Within the data below, copy each line where the string "Color" is found.

Start of EXTRACTED DATA

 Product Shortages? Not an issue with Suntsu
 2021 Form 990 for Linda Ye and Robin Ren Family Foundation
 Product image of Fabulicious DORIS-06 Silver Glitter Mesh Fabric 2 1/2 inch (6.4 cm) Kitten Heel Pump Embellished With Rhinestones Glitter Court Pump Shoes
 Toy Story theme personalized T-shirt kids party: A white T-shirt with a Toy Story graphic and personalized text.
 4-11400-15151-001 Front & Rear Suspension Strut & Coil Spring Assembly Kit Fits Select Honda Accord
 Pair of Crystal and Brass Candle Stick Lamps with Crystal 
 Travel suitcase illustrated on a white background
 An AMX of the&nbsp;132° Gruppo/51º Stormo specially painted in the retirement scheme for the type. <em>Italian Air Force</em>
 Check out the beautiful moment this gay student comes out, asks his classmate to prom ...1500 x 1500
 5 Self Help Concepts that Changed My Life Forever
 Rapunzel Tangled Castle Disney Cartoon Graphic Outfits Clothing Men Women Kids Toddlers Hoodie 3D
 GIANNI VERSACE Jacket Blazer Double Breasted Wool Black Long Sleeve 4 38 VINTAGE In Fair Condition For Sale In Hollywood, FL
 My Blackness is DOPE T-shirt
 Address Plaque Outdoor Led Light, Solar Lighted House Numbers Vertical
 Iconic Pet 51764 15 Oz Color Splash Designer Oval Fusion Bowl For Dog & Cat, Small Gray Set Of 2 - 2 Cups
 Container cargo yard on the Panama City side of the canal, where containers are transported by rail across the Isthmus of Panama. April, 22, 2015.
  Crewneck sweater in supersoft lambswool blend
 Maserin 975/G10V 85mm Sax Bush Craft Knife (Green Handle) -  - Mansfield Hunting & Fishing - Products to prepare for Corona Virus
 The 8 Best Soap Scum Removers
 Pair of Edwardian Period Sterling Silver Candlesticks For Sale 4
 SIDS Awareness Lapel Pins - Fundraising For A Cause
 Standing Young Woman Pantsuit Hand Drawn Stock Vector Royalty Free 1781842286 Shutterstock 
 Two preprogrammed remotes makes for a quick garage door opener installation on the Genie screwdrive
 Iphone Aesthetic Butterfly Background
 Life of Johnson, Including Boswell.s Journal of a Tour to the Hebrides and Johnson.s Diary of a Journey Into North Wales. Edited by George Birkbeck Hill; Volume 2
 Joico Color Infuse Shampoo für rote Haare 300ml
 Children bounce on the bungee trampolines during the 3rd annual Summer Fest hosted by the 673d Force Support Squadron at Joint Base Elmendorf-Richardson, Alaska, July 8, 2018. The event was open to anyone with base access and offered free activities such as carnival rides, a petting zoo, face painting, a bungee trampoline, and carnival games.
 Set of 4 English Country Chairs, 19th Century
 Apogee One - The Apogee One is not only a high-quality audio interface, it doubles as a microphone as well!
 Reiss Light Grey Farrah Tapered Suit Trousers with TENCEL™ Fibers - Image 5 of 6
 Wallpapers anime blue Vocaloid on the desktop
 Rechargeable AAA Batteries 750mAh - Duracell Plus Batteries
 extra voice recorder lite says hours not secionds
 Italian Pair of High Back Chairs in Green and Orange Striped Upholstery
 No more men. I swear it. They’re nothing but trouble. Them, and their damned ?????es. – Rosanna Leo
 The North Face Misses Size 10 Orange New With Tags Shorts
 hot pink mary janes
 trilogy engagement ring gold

End of EXTRACTED DATA

ANSWER TO THIS TASK:
 Iconic Pet 51764 15 Oz Color Splash Designer Oval Fusion Bowl For Dog & Cat, Small Gray Set Of 2 - 2 Cups
 Joico Color Infuse Shampoo für rote Haare 300ml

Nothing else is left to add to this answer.